What needs to be done: In the data below, reproduce everything exactly except the images.

Information supplied:
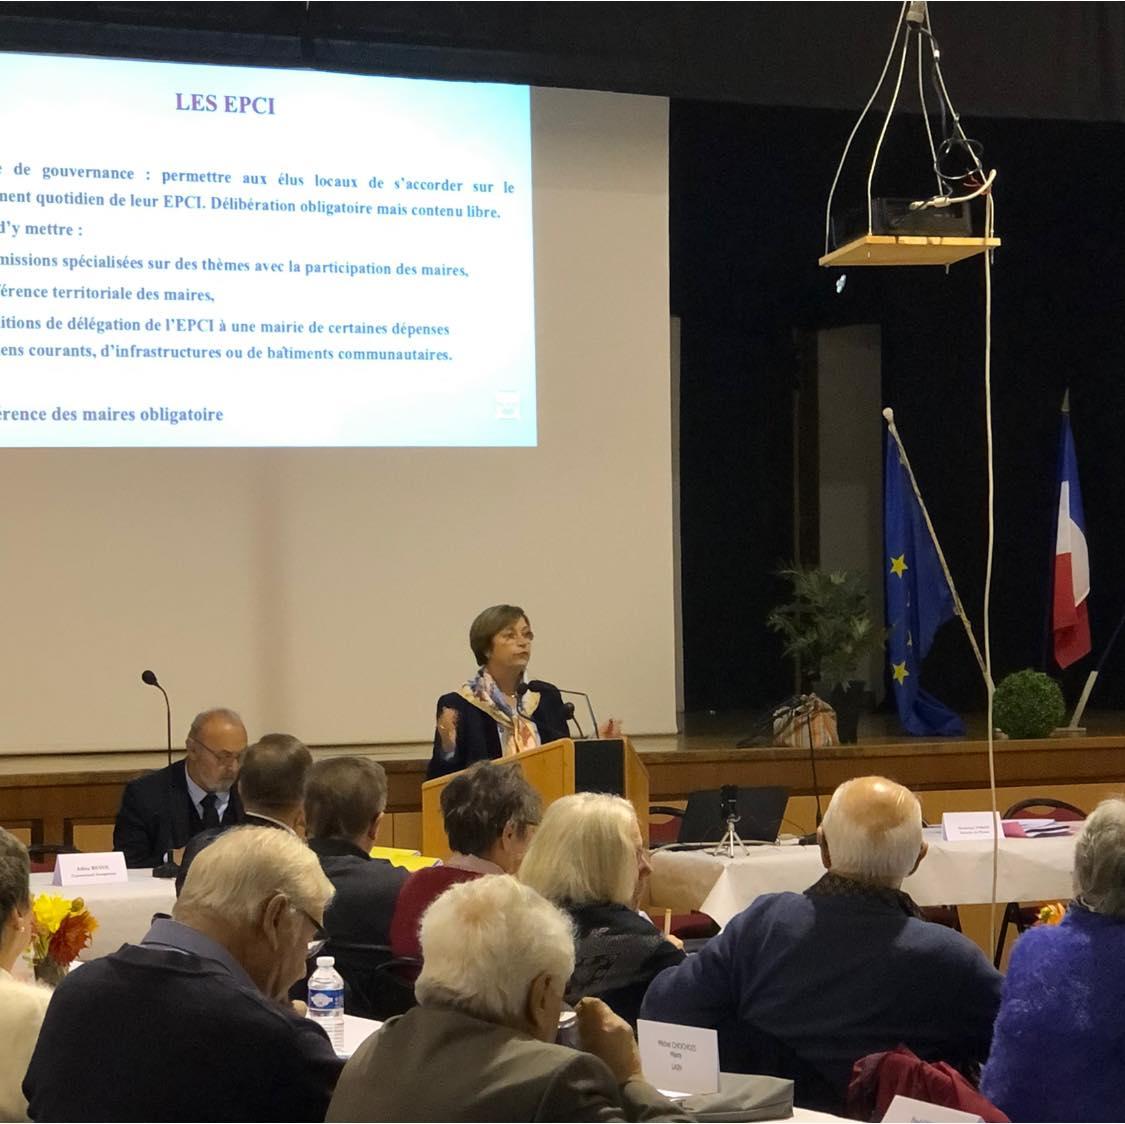 Intervention dans le cadre des Entretiens de Champignelles, le 15 novembre
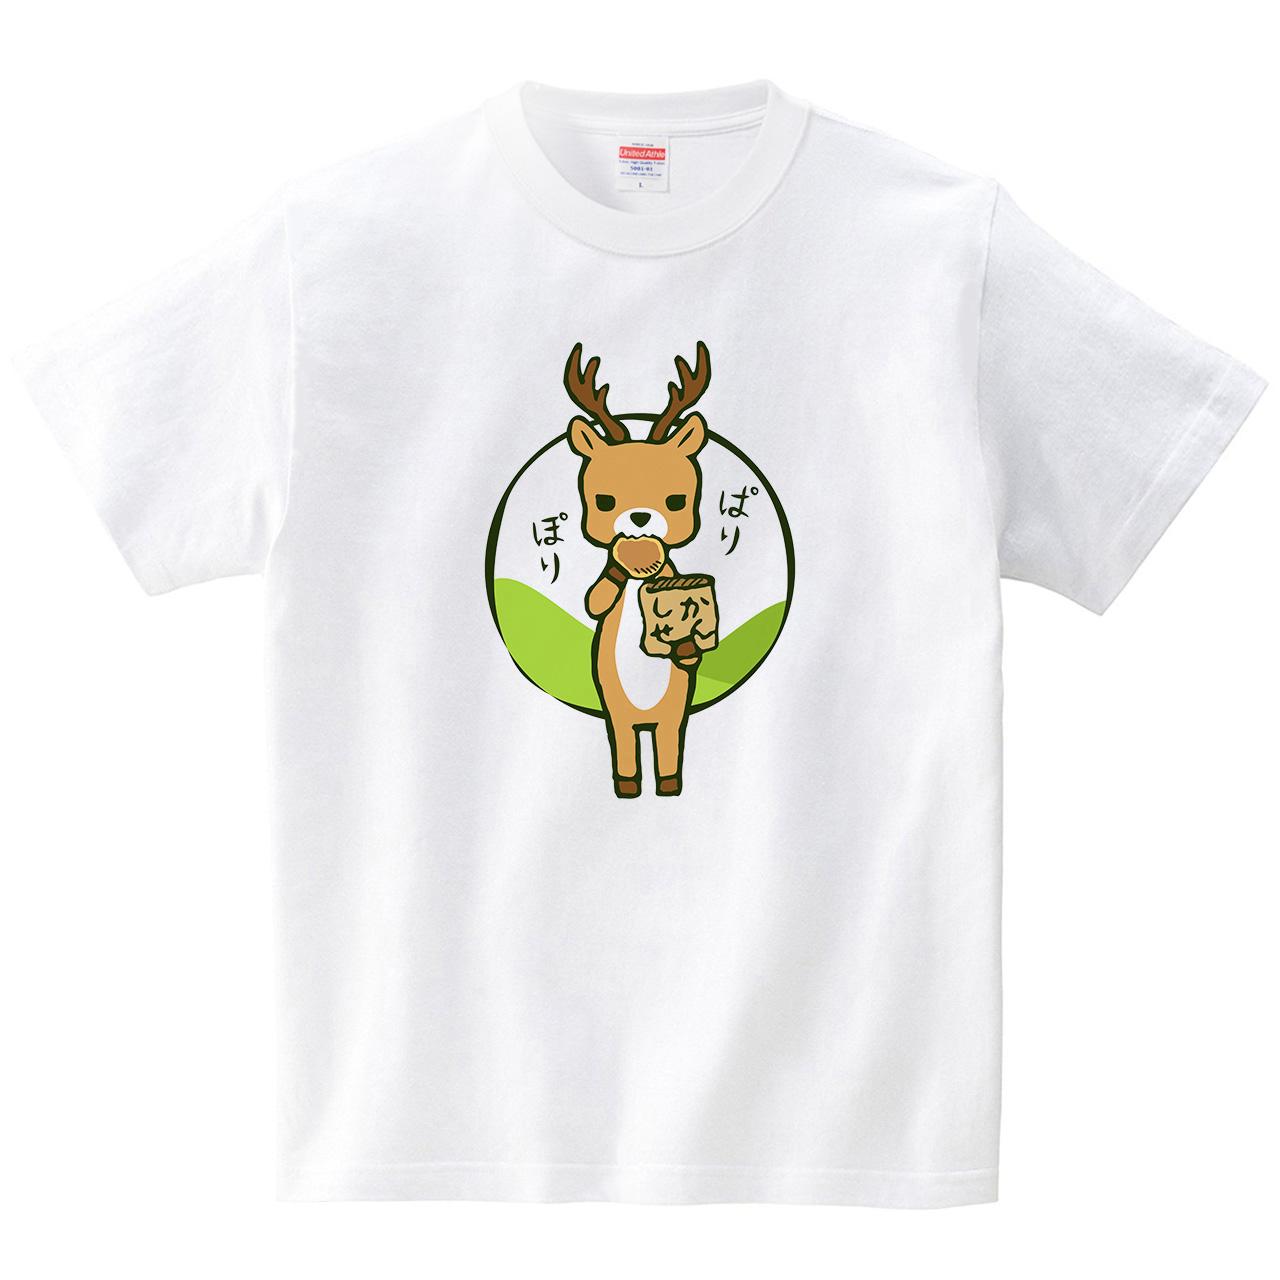 しかせん(Tシャツ・ホワイト)(あずき*)
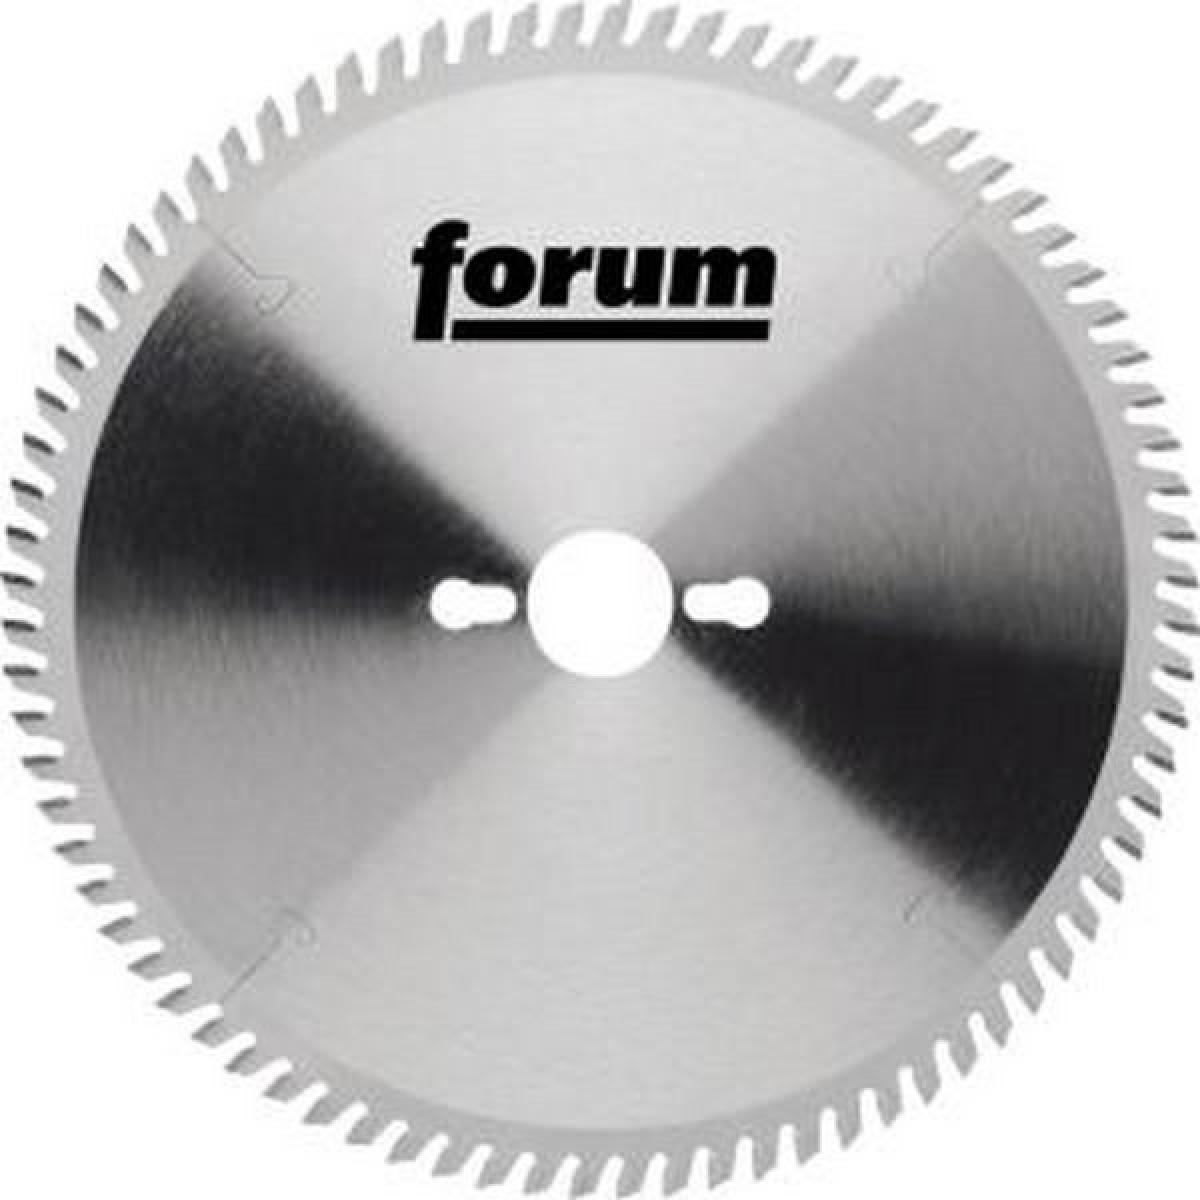 Forum Lame de scie circulaire, Ø : 500 mm, Larg. : 4,0 mm, Alésage 30 mm, Perçages secondaires : -, Dents : 44

Reply to the task:
 Intervention dans le cadre des Entretiens de Champignelles, le 15 novembre
 しかせん(Tシャツ・ホワイト)(あずき*)
 Forum Lame de scie circulaire, Ø : 500 mm, Larg. : 4,0 mm, Alésage 30 mm, Perçages secondaires : -, Dents : 44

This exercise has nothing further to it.